You might want to use diffrent URLs for the same, or at least similar, information displayed. If your server forces you to use 1 url <-> 1 file mapping, you need to create additional files with all their function being to redirect to other file. Or you use stuff like mod_rewrite which isn't easier then Rails' url mappings.
In one of my applications I use URL that looks like http://www.example.com/username/some additional stuff/. This can be also made with mod_rewrite, but at least for me it's easier to configure urls in django project then in every apache instance I run application at.
just my 2 cents...
Most of it has already been covered, but nobody has mentioned SEO yet. Google puts alot of weight on the URL itself, if that url is widgets.com/browse.php?17, that is not very SEO friendly. If your URL is widgets.com/products/buttons/ that will have a positive impact on your page rank for buttons
Storing application code in the document tree of the web server is a security concern.

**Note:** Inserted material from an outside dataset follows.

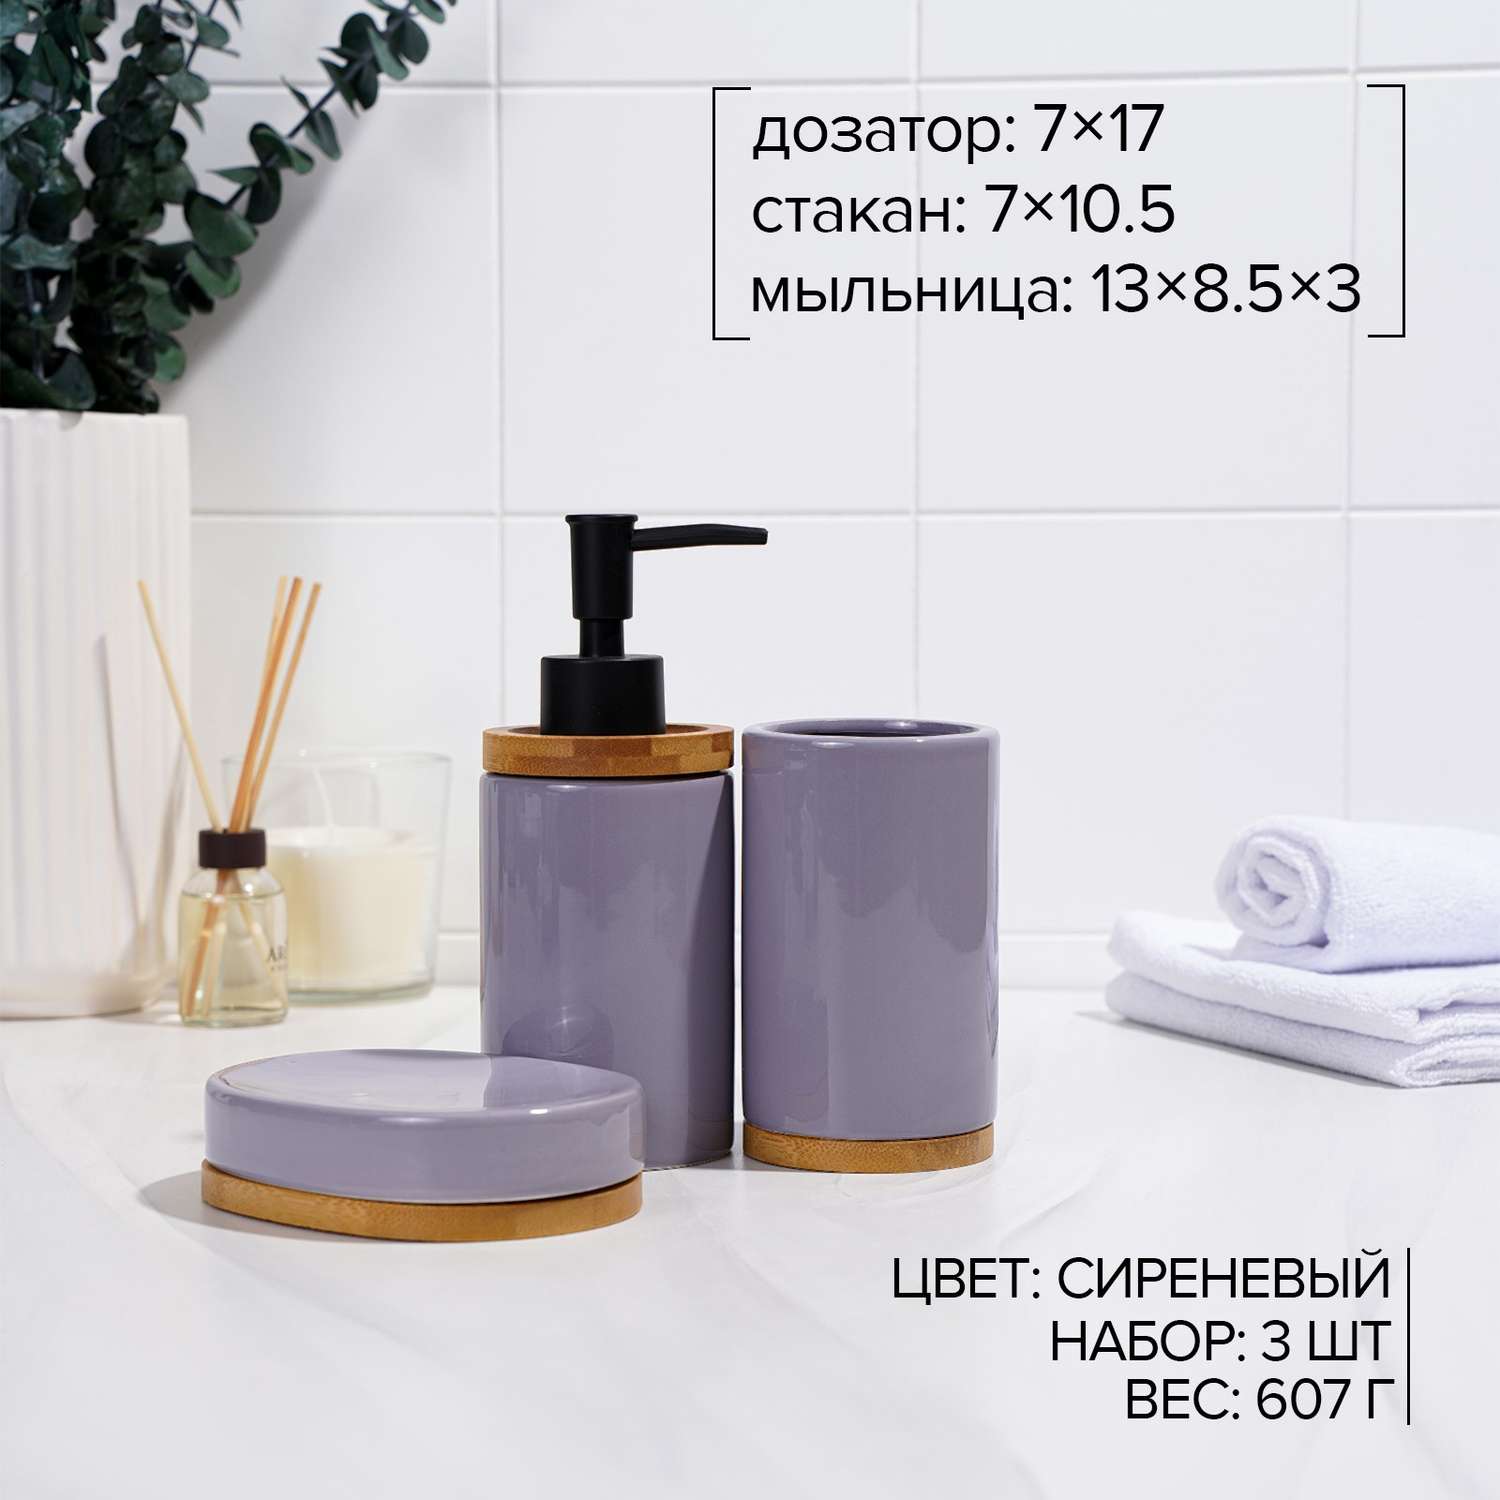 Набор SAVANNA аксессуаров для ванной комнаты «Джуно» 3 предмета - фото 2

a misconfiguration might accidentally reveal source code to visitors
files injected through a security vulnerability are immediately executable by HTTP requests
backup files (created e.g. by text editors) may reveal code or be executable in case of misconfiguration
old files which the administrator has failed to delete can reveal unintended functionality
requests to library files must be explicitly denied
URLs reveal implementation details (which language/framework was used)
Note that all of the above are not a problem as long as other things don't go wrong (and some of these mistakes would be serious even alone). But something always goes wrong, and extra lines of defense are good to have.
Django URLs are also very customizable. With PHP frameworks like Code Igniter (I'm not sure about Rails) your forced into the /class/method/extra/ URL structure. While this may be good for small projects and apps, as soon as you try and make it larger/more dynamic you run into problems and have to rewrite some of the framework code to handle it.
Also, routers are like mod_rewrite, but much more flexible. They are not regular expression-bound, and thus, have more options for different types of routes.
Depends on how big your application is. We've got a fairly large app (50+ models) and it isn't causing us any problems. When it does, we'll worry about it then.